From 4 July 1909, the Seebach-Wettingen line was again operated with steam traction and the overhead lines were dismantled. Because it was a secondary line with easy gradients, SBB did not consider it economical for electric operation. Locomotives No. 1 and 2 were stored and, in 1919, were sold to SBB. Locomotive No. 3 returned to Berlin and was converted there into a DC locomotive. In 1944 it was destroyed in a bombing raid.

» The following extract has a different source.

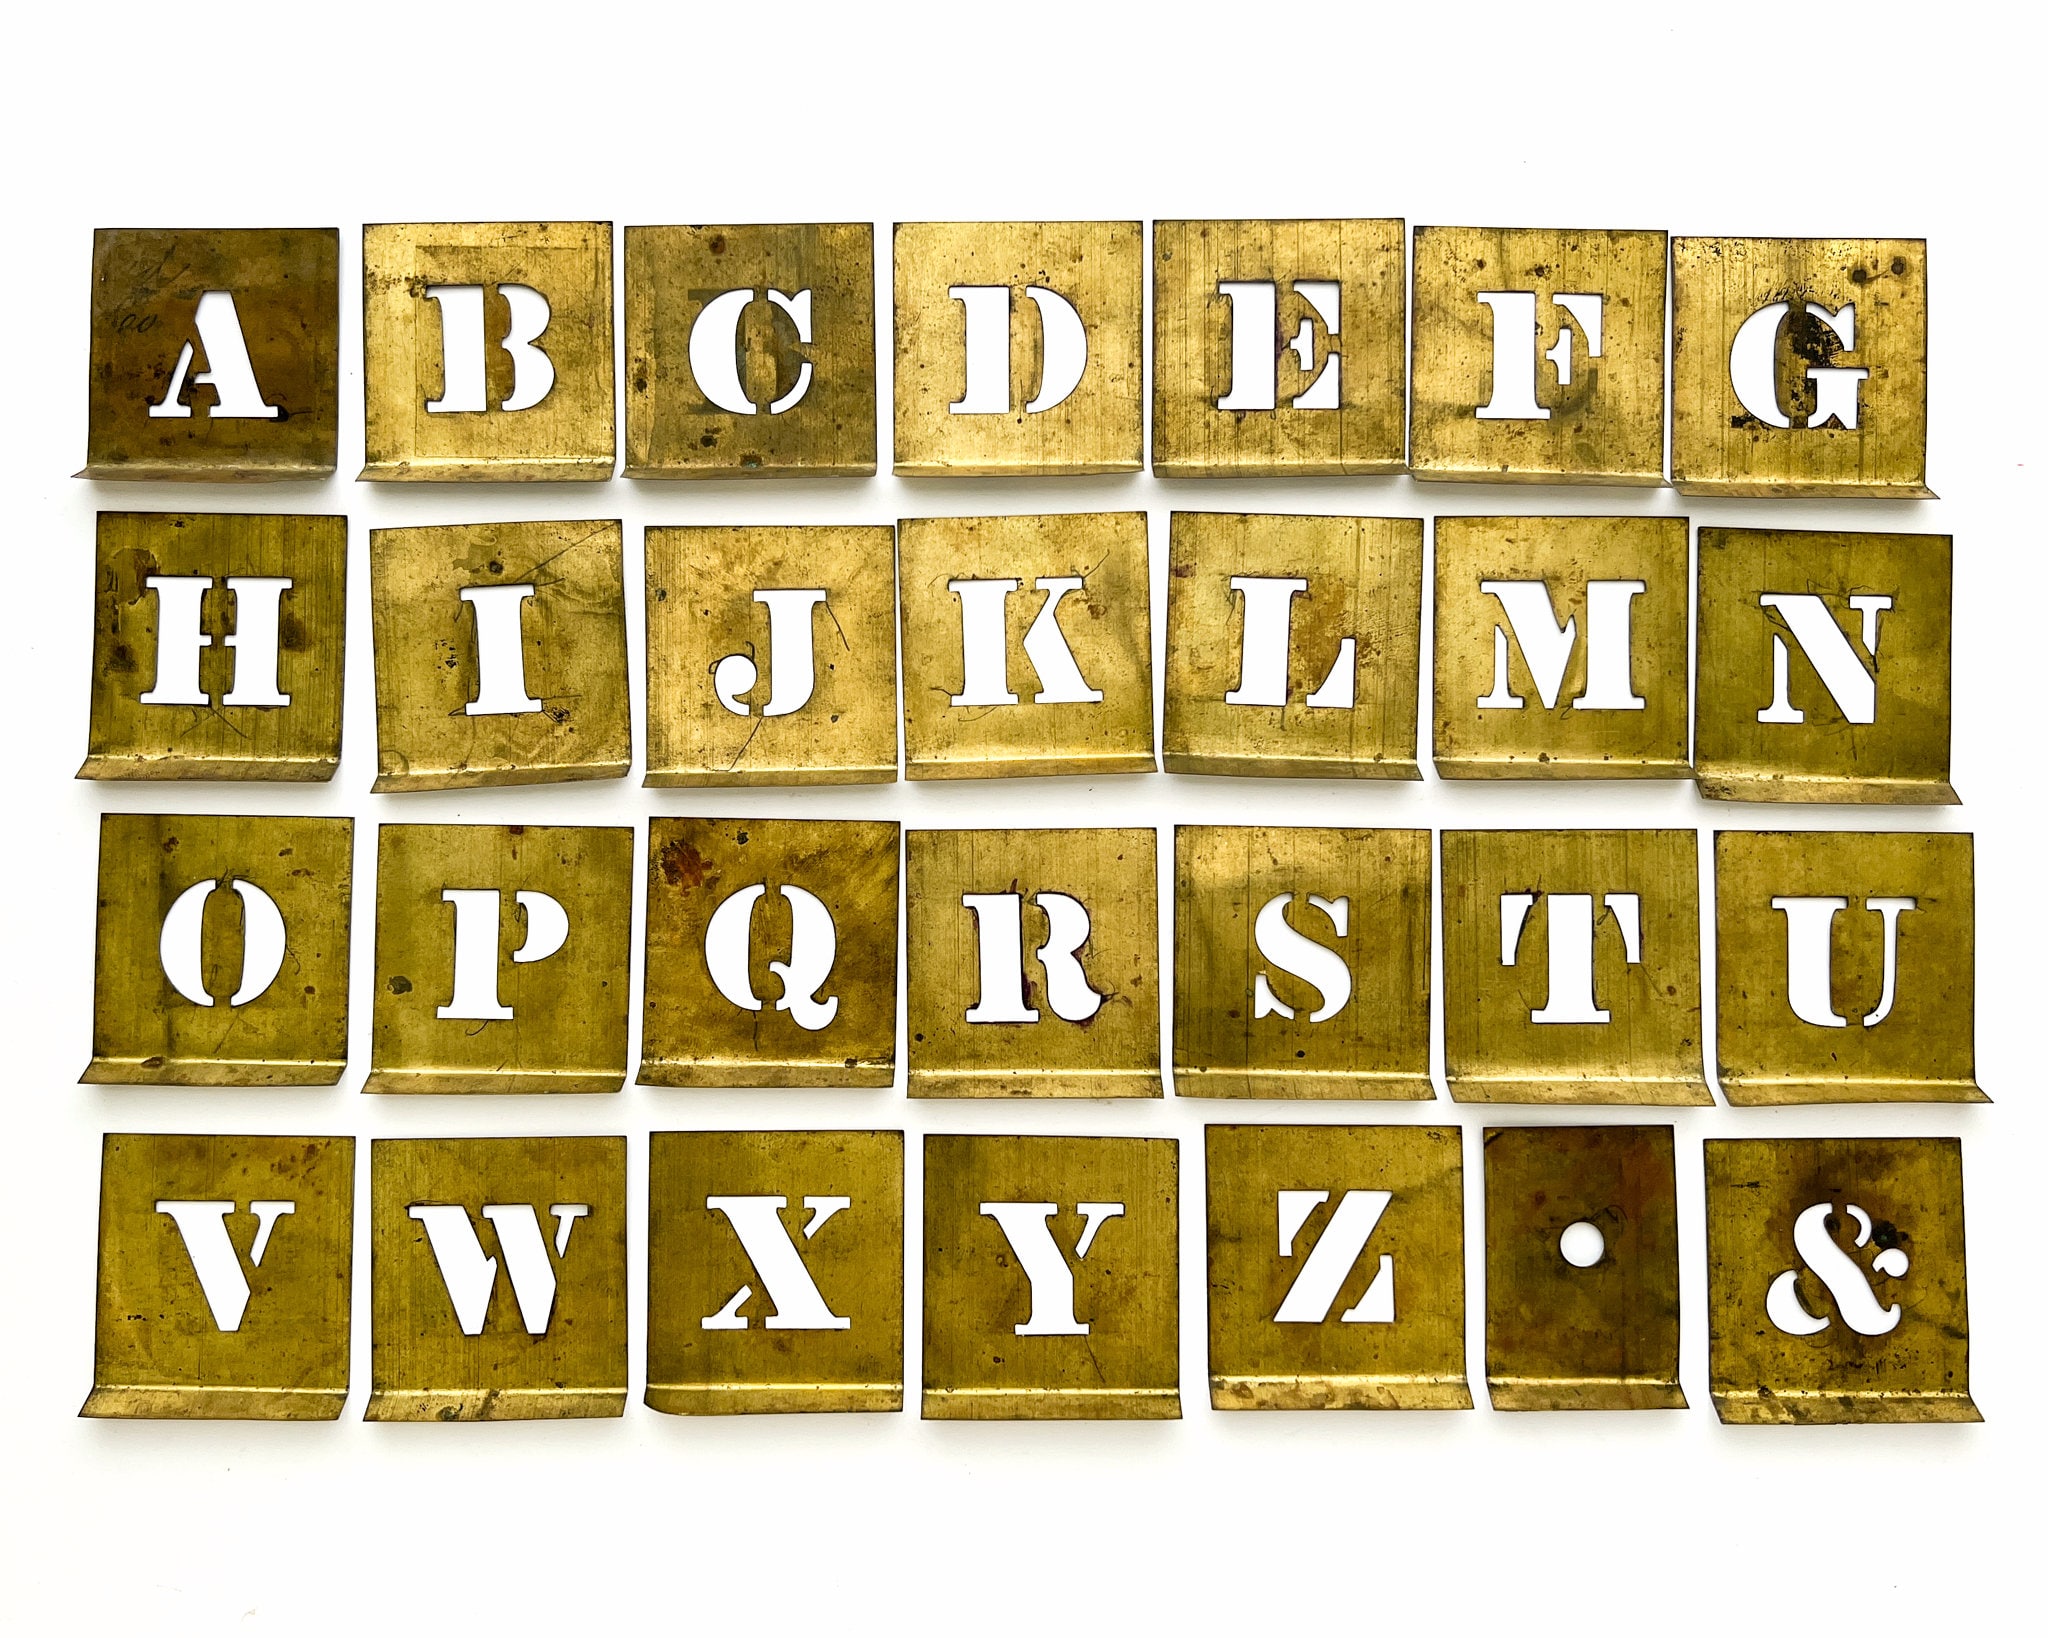 Wholesale GORGECRAFT 12PCS Plastic Letter Stencils Small Cursive

Despite the cessation of operations, the attempt was successful. In 1907, MFO supplied railcars BCFe 4/4 to the Maggiatalbahn for operation at 5000 volts, 20 Hertz. In July 1910, the Bernese Alpine Railway Company Bern - Lötschberg - Simplon (BLS) opened its Spiez-Frutigen test track electrified at 15,000 Volts, 15 Hertz. In 1913, Prussia, Bavaria and Baden jointly defined a traction current frequency of 16 2/3 Hz, whereupon the BLS also adopted this frequency. On 15 July 1913, the BLS started continuous operation between Spiez and Brig using 15,000 volts, 16 2/3 Hertz. In the same year, the Rhaetian Railway opened its Engadine line using 16 2/3 Hertz, but with a voltage of 11,000 volts. From 7 July 1919, the SBB operated their feeder line from Bern-Thun to Lötschbergstrecke using 15,000 volts, 16 2/3 Hertz and from 28 May 1922, the trains on the Gotthard route of the SBB began to operate electrically.